On topic though, if you have different temp waxes theres something you could try. Scrap everything off and then wax the whole board with the warmest temp wax. Re-iron it once or twice, scrap everthing off, then apply cold temp wax. It may get white again the next time you are out, but after one more re wax it should be golden. It worked for me when I waxed my buddys board for him.


----------



## Dawg Catcher (Jan 5, 2009)

Random Hero said:


> I'll have to agree with mpd, here in southern ontario its been snowing pretty consistently! I've only hit ice on the double blacks and thats only because people who have no buisiness on them snowplow the whole way down.
> 
> On topic though, if you have different temp waxes theres something you could try. Scrap everything off and then wax the whole board with the warmest temp wax. Re-iron it once or twice, scrap everthing off, then apply cold temp wax. It may get white again the next time you are out, but after one more re wax it should be golden. It worked for me when I waxed my buddys board for him.

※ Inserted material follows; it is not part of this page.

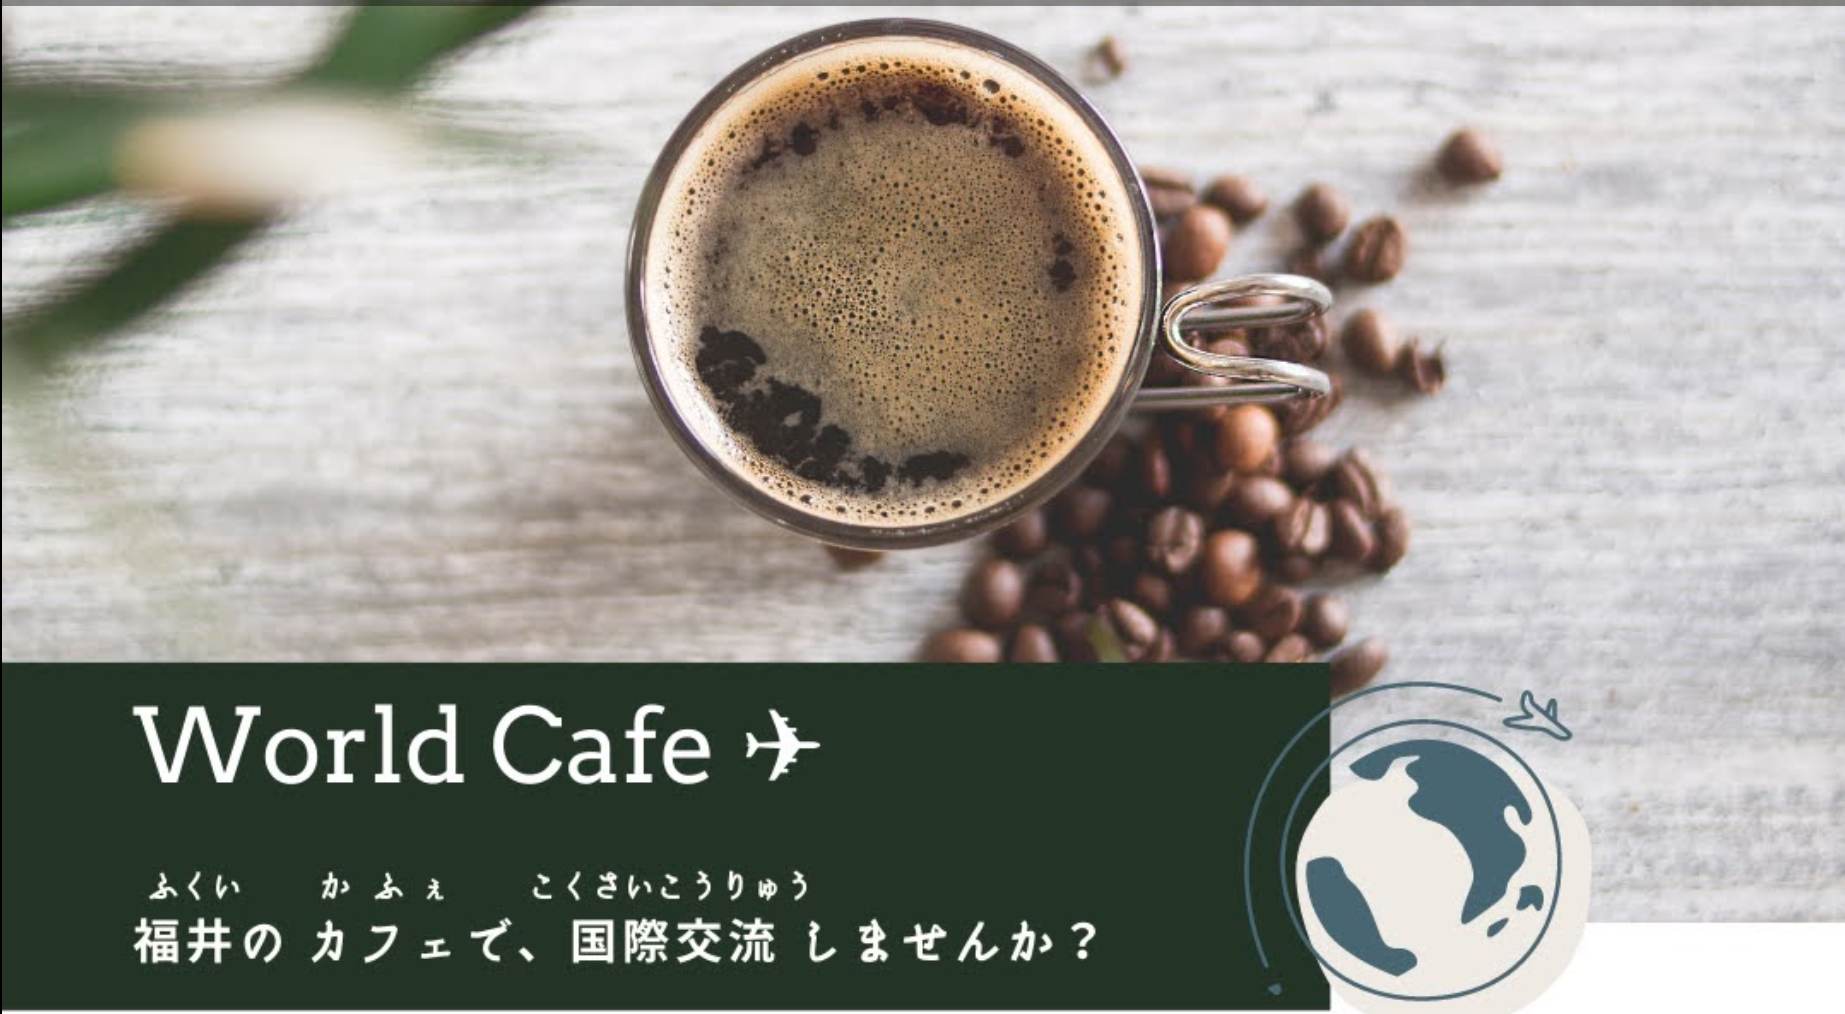 国際交流world cafe開催します。

uhhhh that had nothing to do with MPDs post he was saying since we are boarding on ice right now its gunna wear down quick not about snowing consitenly or randomly hitting ice. and the whole warm temp then cold temp shit doesnt work. as for my prior post since i live in this region and probably board the same mountains you do i think thats the best advice. not to toot my own horn but its true

IBTL
/thread.


----------